I am trying to write a Java UDF with the end goal of extending/overriding the load method of PigStorage to support entries that take multiple lines.
My pig script is as follows:
REGISTER udf.jar;
register 'userdef.py' using jython as parser;
A = LOAD 'test_data' USING PigStorage() AS row:chararray;
C = FOREACH A GENERATE myTOKENIZE.test();
DUMP D;
udf.jar looks like:
udf/myTOKENIZE.class
myTOKENIZE.java imports org.apache.pig.* ande extends EvalFunc. the test method just returns a Hello world String.
The problem that I am having is that when I try to call the method test() of class myTOKENIZE I get Error 1070: ERROR 1070: Could not resolve myTOKENIZE.test using imports: [, java.lang., org.apache.pig.builtin., org.apache.pig.impl.builtin.] Thoughts?
As your UDF extends EvalFunc
there should me a method called exec()
in the class myTOKENIZE
.
Your pig code would then look as follows:
C = FOREACH A GENERATE udf.myTOKENIZE(*);
Please read http://pig.apache.org/docs/r0.7.0/udf.html#How+to+Write+a+Simple+Eval+Function
Hope that helps.
So is myTOKENIZE in the package udf? In that case you'd need
C = FOREACH A GENERATE udf.myTOKENIZE.test();
After waaaaay too much time (and coffee) and a bunch a trial and error, I figured out my issue.

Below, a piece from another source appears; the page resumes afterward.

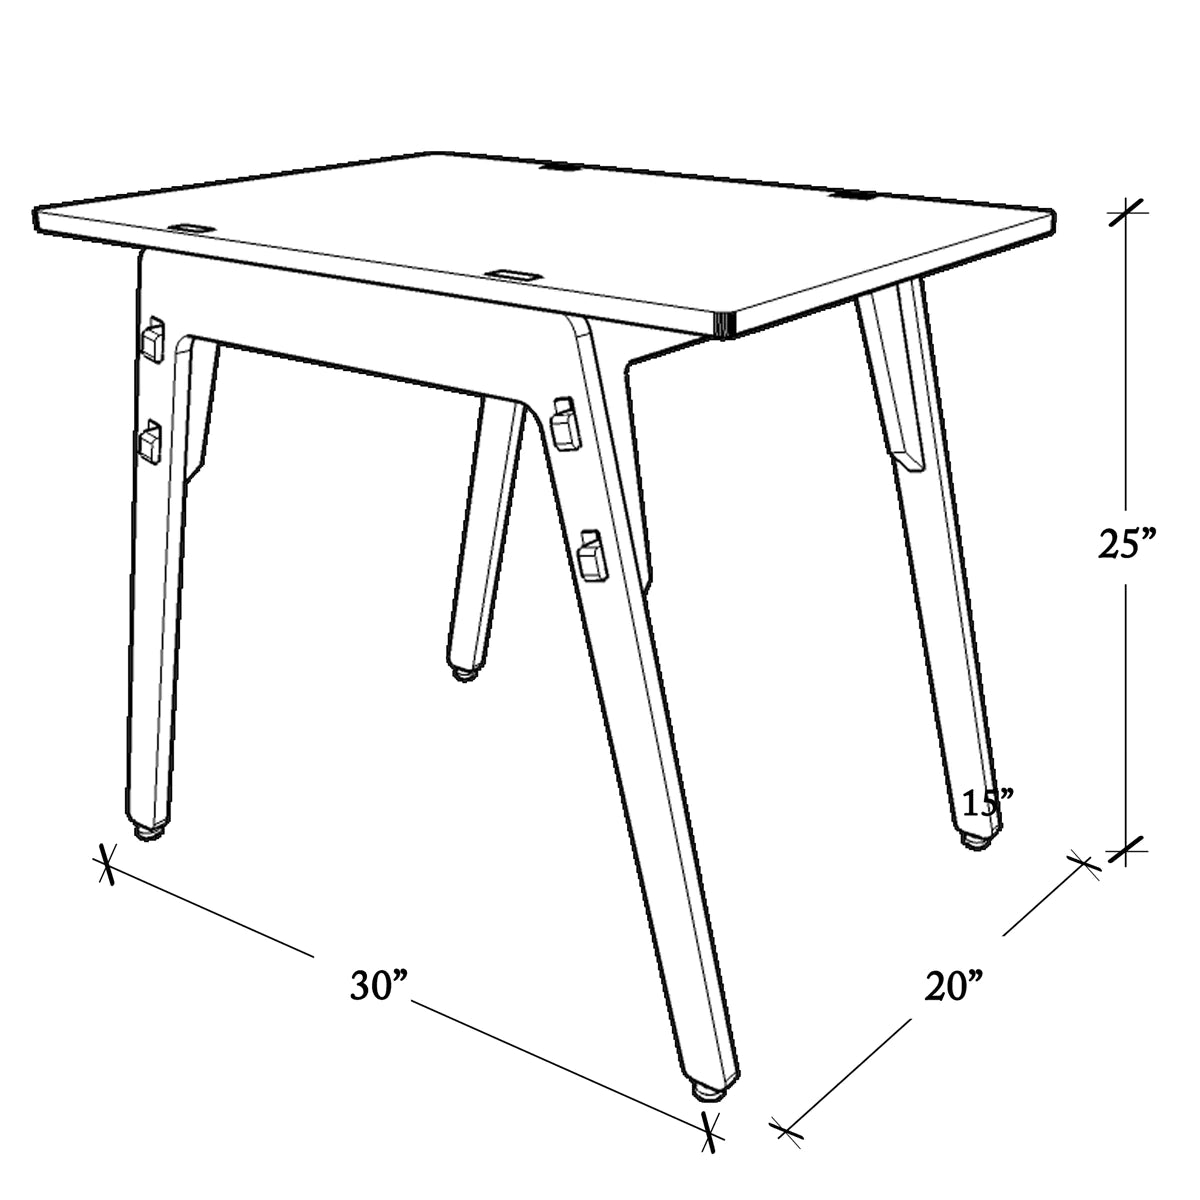 Buy Black Kiwi Wooden Table - Green - Dimensions - SkilloToys.com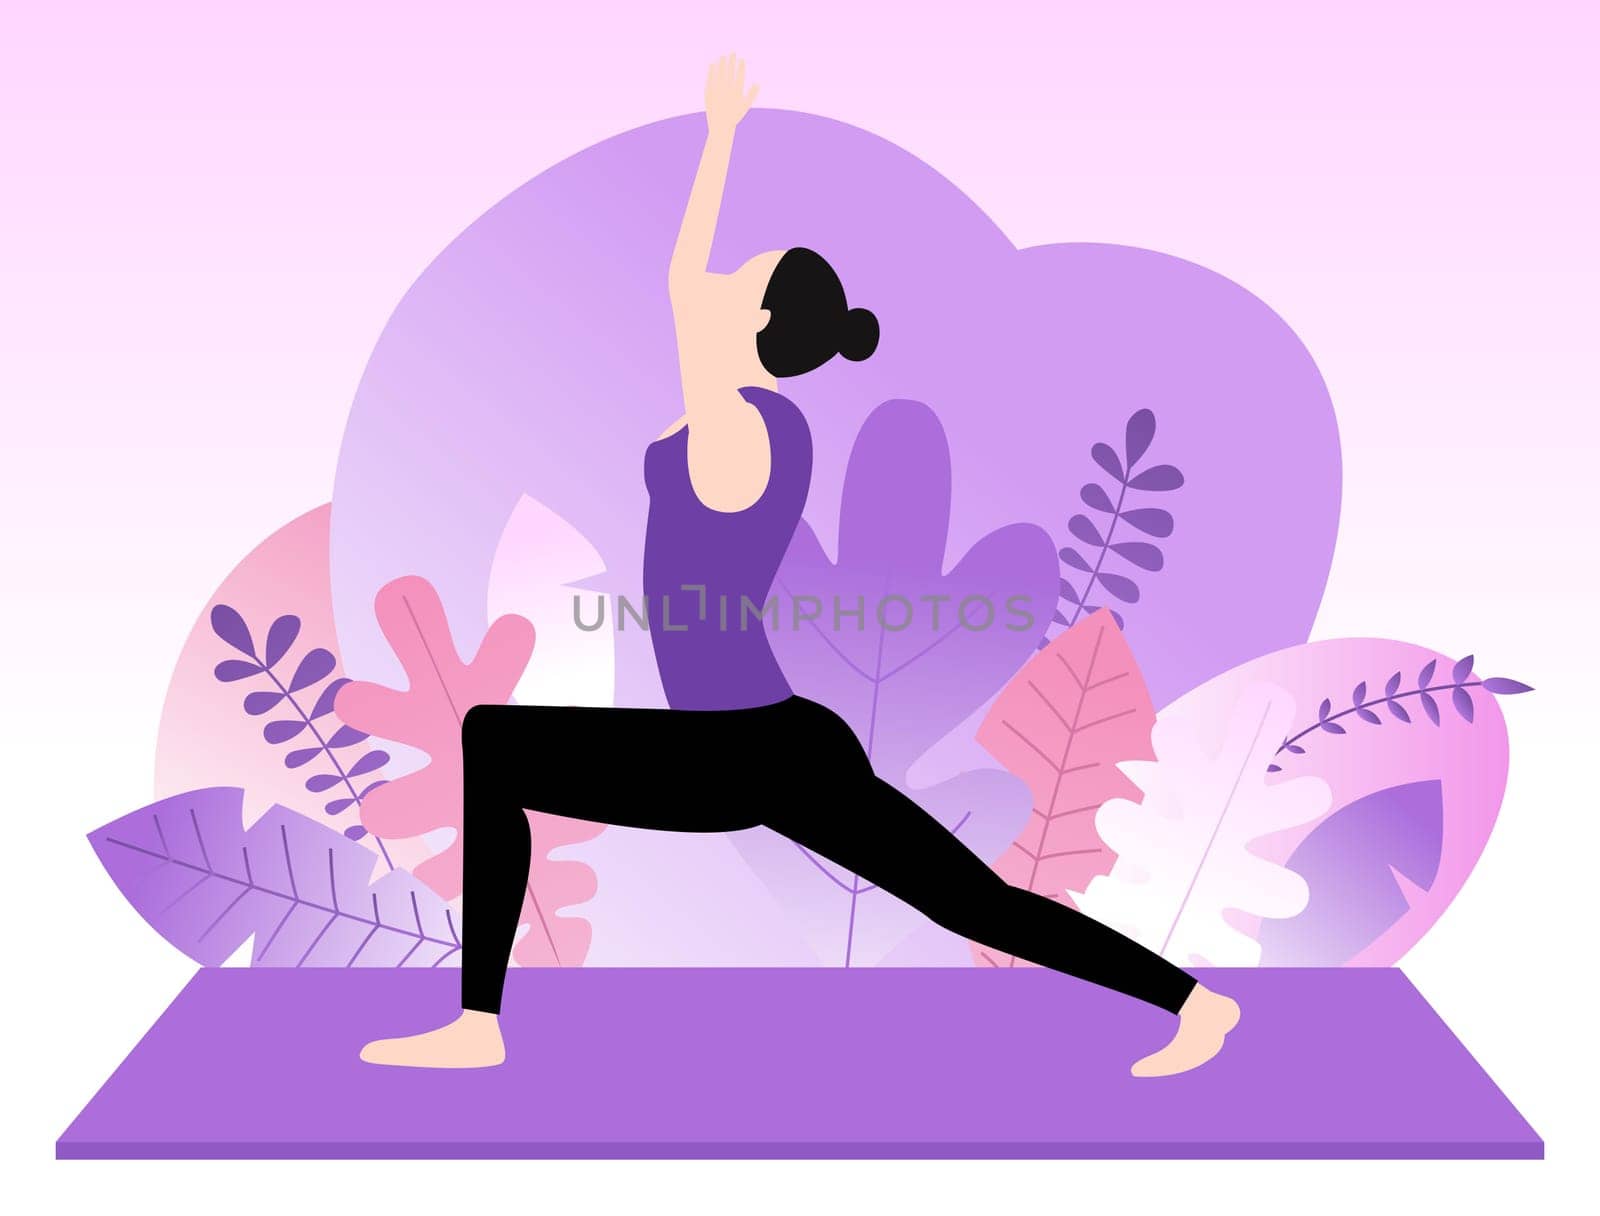 sports,lunge,stretching,pilates,silhouette,yoga,purple,balance,exercise,illustration,leg,pink

Important note: For some jar myudfs.jar, the classes contained within must have package defined as myudfs.
The corrected code is as follows:
REGISTER myudfs.jar;
register 'userdef.py' using jython as parser;
A = LOAD 'test_data' USING PigStorage() AS row:chararray;
C = FOREACH A GENERATE myudfs.myTOKENIZE('');
DUMP C;
myTOKENIZE.java:
package myudfs;
import java.io.IOException;
import org.apache.pig.EvalFunc;
import org.apache.pig.data.Tuple;
import org.apache.pig.impl.util.WrappedIOException;
public class myTOKENIZE extends EvalFunc (String)
{
public String exec(Tuple input) throws IOException {
if (input == null || input.size() == 0)
return null;
try{
String str = (String)input.get(0);
return str.toUpperCase();
}catch(Exception e){
throw WrappedIOException.wrap("Caught exception processing input row ", e);
}
}
}
the structure of myudfs.jar:
myudfs/myTOKENIZE.class
Hopefully this proves useful to someone else with similar issues!
This is very late but I think the solution is that while using the udf in your pig you have to give fully qualified path of the class with your package name.
package com.evalfunc.udf
; and Power is my class name as
public class Power extends EvalFunc<Integer> {....}
Then while using it in pig first register the jar file in pig and then use the udf with full package name like:
record = LOAD '/user/fsbappdev/maitytest/pig/pigudf/power_data' USING PigStorage(',');
pow_result = foreach record generate com.evalfunc.udf.Power(base,exponent);